In the library I'm working on, we have data sets (which may be subsets of other data sets) that are distributed in memory in three-dimensional rectangular strided arrays. That is, an array A
can be subscripted as A(i,j,k)
, where each index ranges from zero to some upper bound, and the location of each element in memory is given by:
A(i,j,k) = A0 + i * A_stride_i + j * A_stride_j + k * A_stride_k
where A0
is a base pointer, and A_stride_i
et al are dimensional strides.
Now, because these data sets may be subsets of other data sets rather than each occupying their own independent malloc'ed block of memory, it's entirely possible that they may overlap (where overlap means that A(i,j,k) < B(m,n,p)
is neither always true nor always false), and if they overlap they may interleave with each other or they may collide with each other (where collide means that A(i,j,k) == B(m,n,p)
for some sextet of indices).
Therein lies the question. Some operations on two data sets (for example, a copy) are only valid if the arrays do not collide with each other, but are valid if they overlap in an interleaved non-colliding fashion. I'd like to add a function for two data sets whether two data sets collide or not.
Is there an existing algorithm for doing this in a reasonably efficient and straightforward way?
It's fairly easy to check whether the data sets overlap or not, so the key question is: Given two data sets of this form that overlap, what is an efficient algorithm to determine if they interleave or collide?
Example:
As a simple example, suppose we have memory locations from 0 to F (in hex):
0 1 2 3 4 5 6 7 8 9 A B C D E F
I'll also consider only 2D arrays here, for simplicity. Suppose we have one of size 2,3 (that is, 0 <= i < 2
and 0 <= j < 3
), with a stride_i = 1
and stride_j = 4
, at a base address of 2. This will occupy (with occupied locations denoted by their i,j pair):
0 1 2 3 4 5 6 7 8 9 A B C D E F
* * * * * *
Likewise, if we have another array of the same sizes and strides, starting at a base address of 4, that will look like this:
0 1 2 3 4 5 6 7 8 9 A B C D E F
o o o o o o
In the terminology that I was using in describing the problem, these arrays "overlap", but they do not collide.
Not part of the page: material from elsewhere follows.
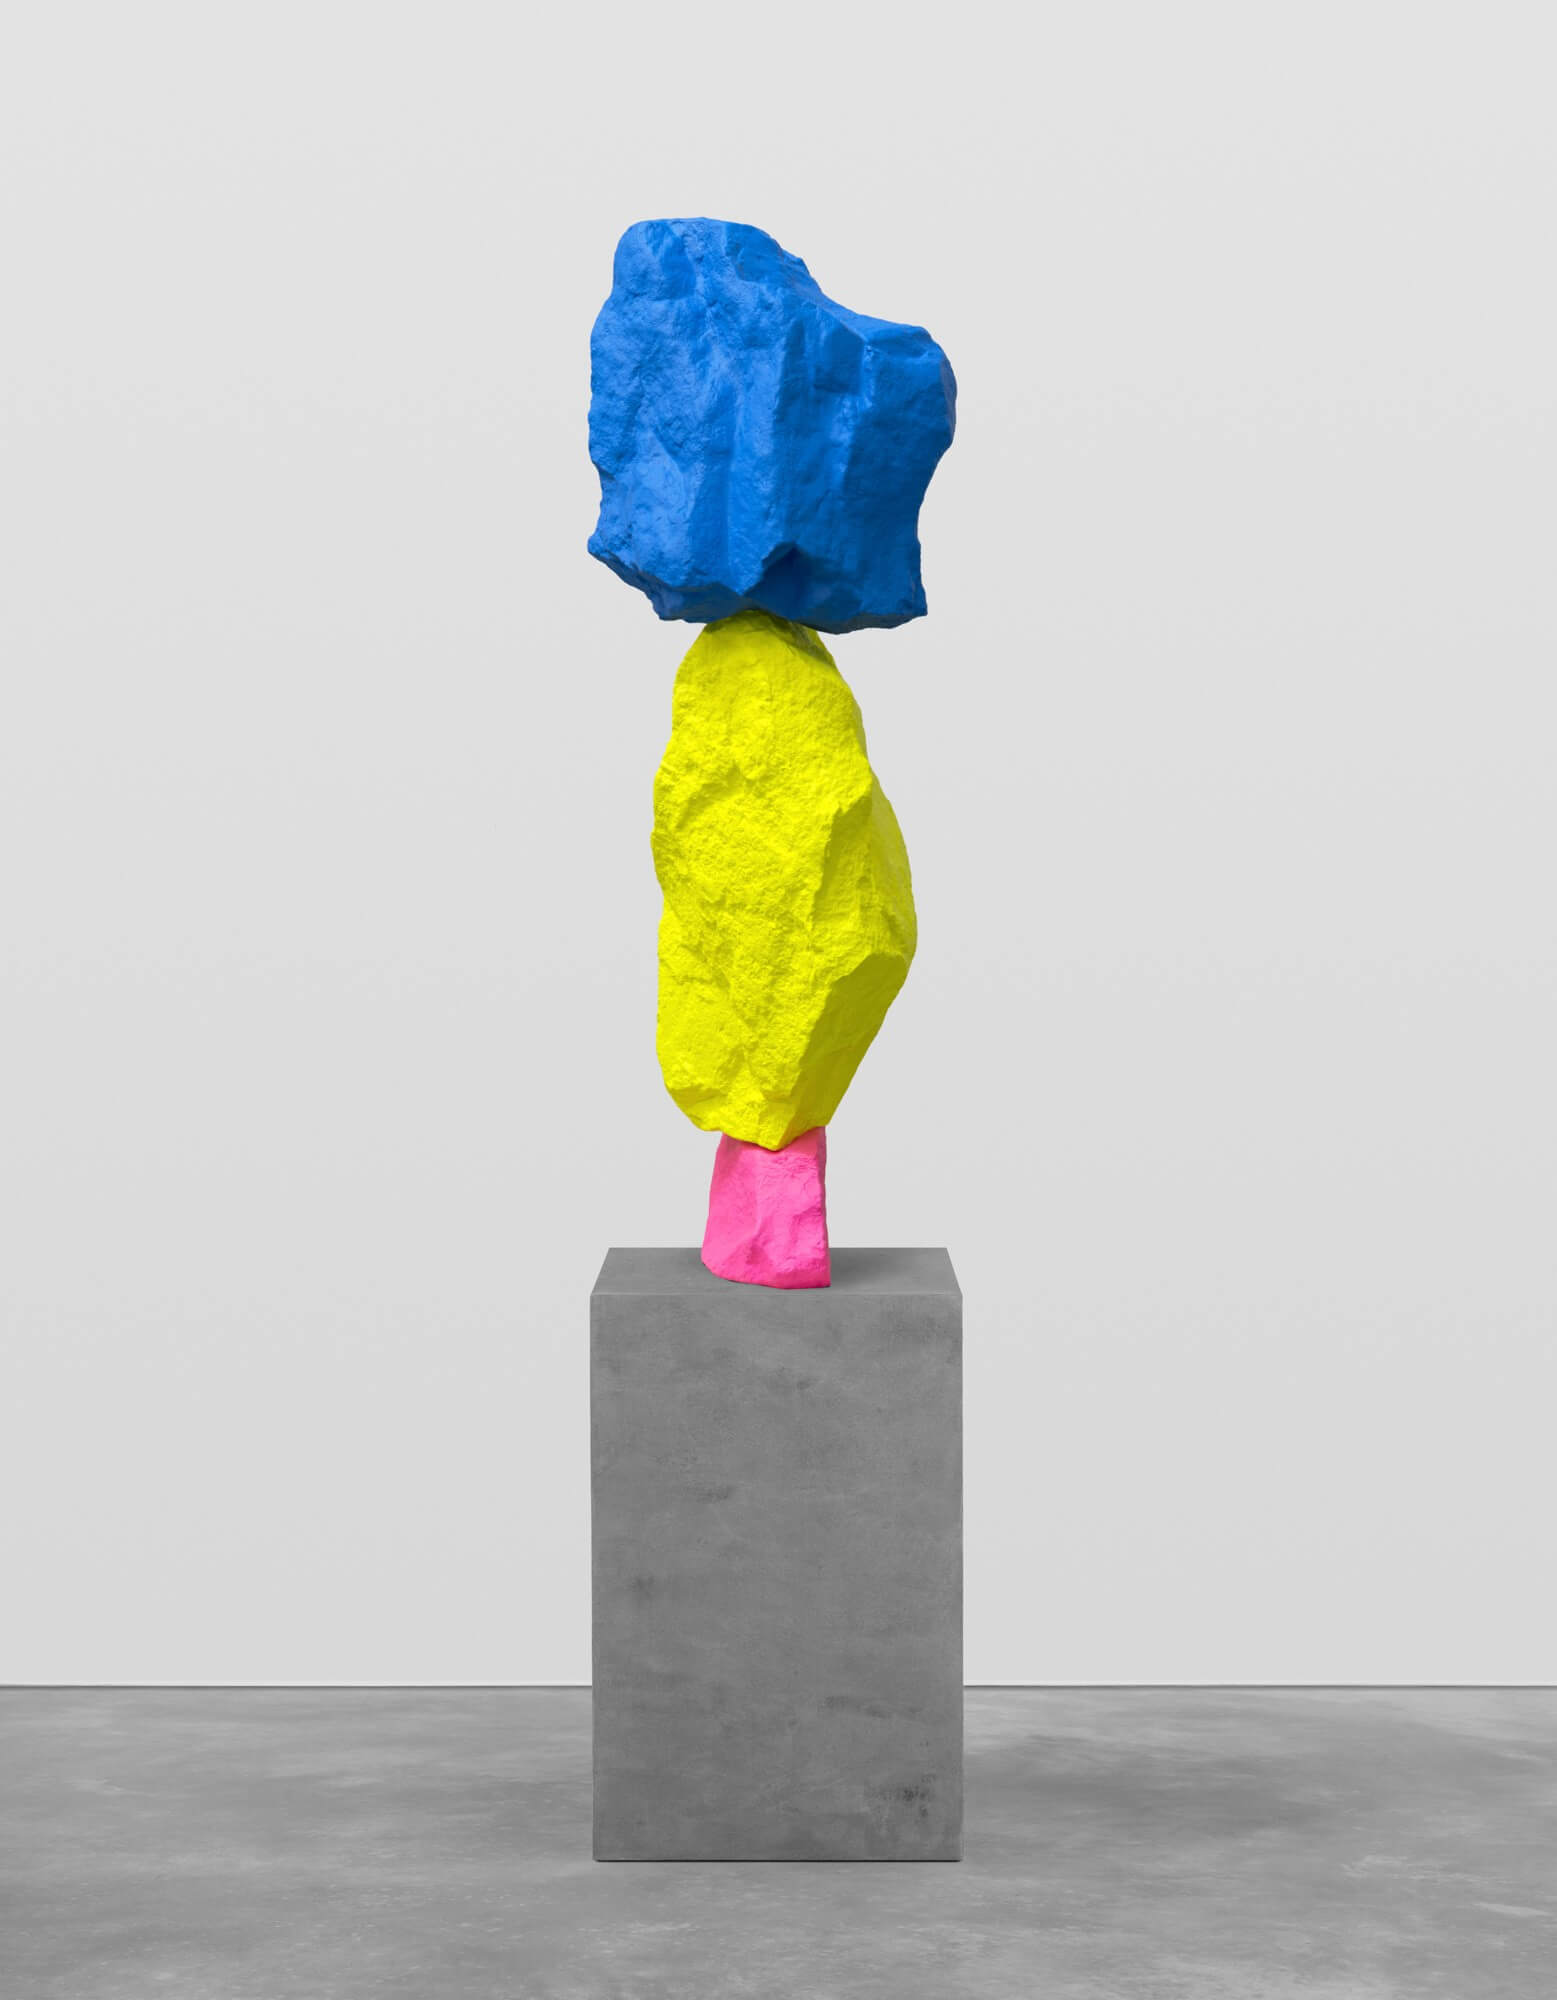 pink yellow blue mountain | UGO RONDINONE
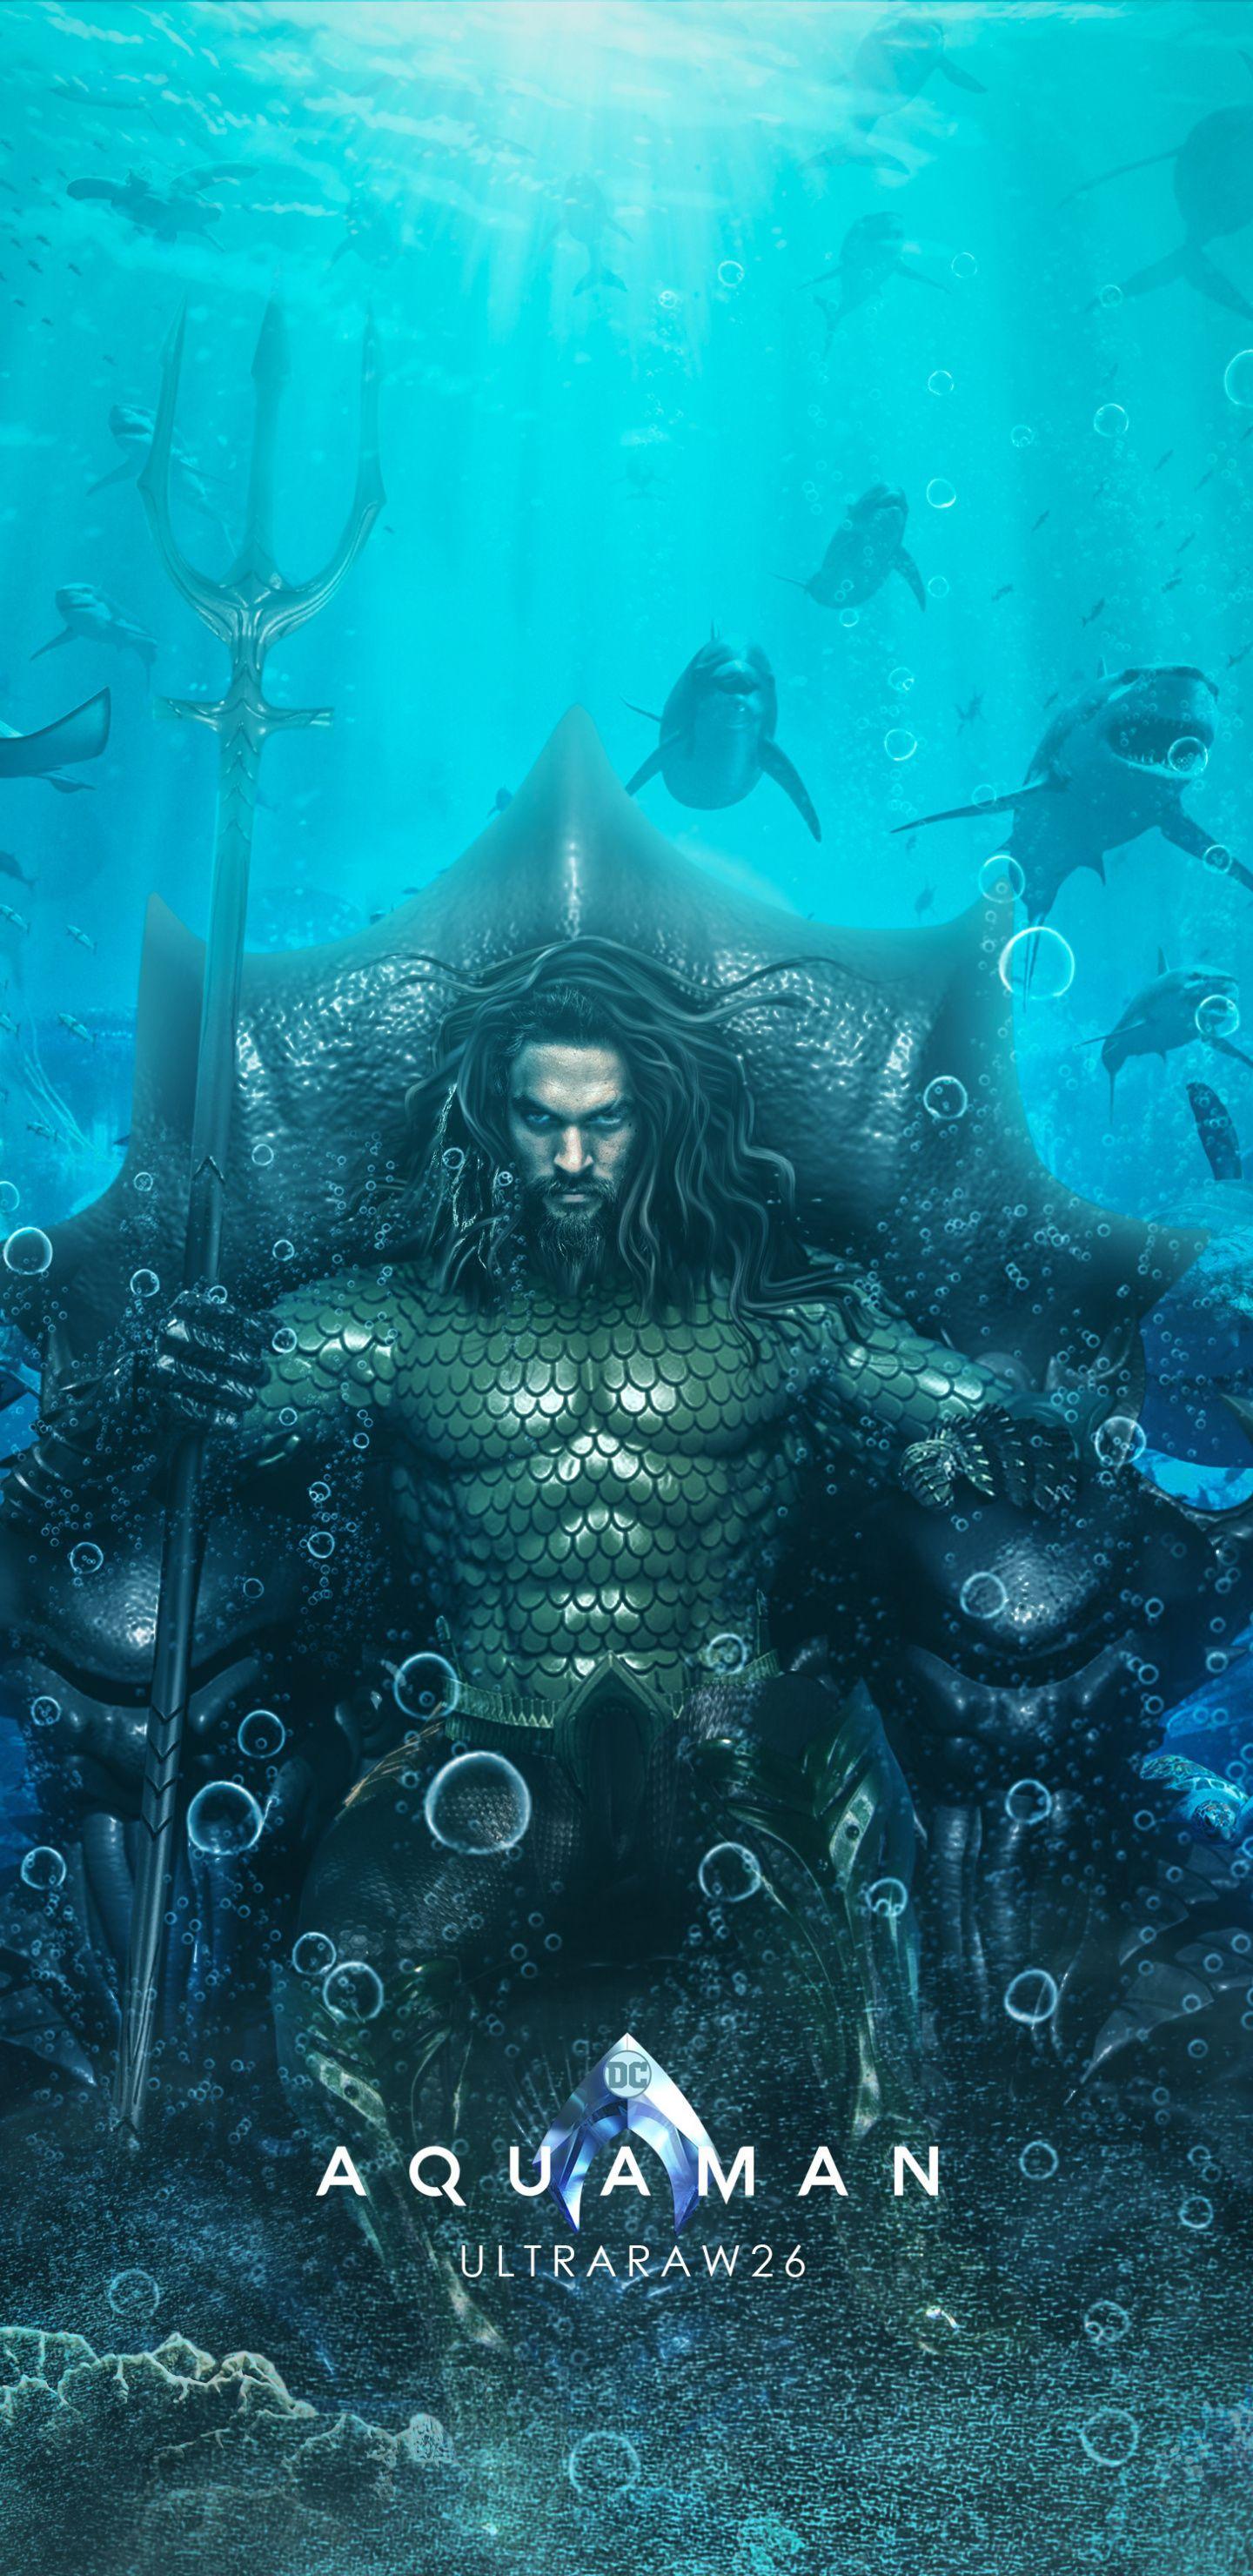 Aquaman, superhero, underwater, DC comics, 1440x2960

Restrictions and Assumptions:
We can assume that the strides are positive and, if desired, that they are in increasing order. Neither of things are true in the actual library, but it is reasonably simple to rearrange the array definition to get to this point.
We can assume that arrays do not self-interleave. This is also not enforced by the library, but would be a pathological case, and can be warned about separately. That is (assuming the strides are in increasing order, and i
ranges from zero to max_i
and so forth):
stride_j >= max_i * stride_i
stride_k >= max_j * stride_j
Points, of course, for methods that do not require these assumptions, as rearranging the array definition into a canonical order is a bit of work that's ideally avoided.
The two arrays cannot be assumed to have equal sizes or strides.
I don't think there's value in keeping track of things during construction -- there's no information occurring at construction that is not present when doing the test. Also, "construction" may simply be "consider the subset of this larger array with this base pointer, these strides, and these sizes."
Worst Likely Cases
svick's answer reminds me that I should probably add something about some typical "worse" cases that I expect this to see. One of the worst will be when we have an array that represents some very large number of complex values, stored in consecutive (real, imag) pairs, and then we have two sub-arrays containing the real and imaginary parts respectively -- so, you've got a few million elements in the array, alternating between the arrays. As this is not an unlikely case, it should be testable with something other than abysmal performance.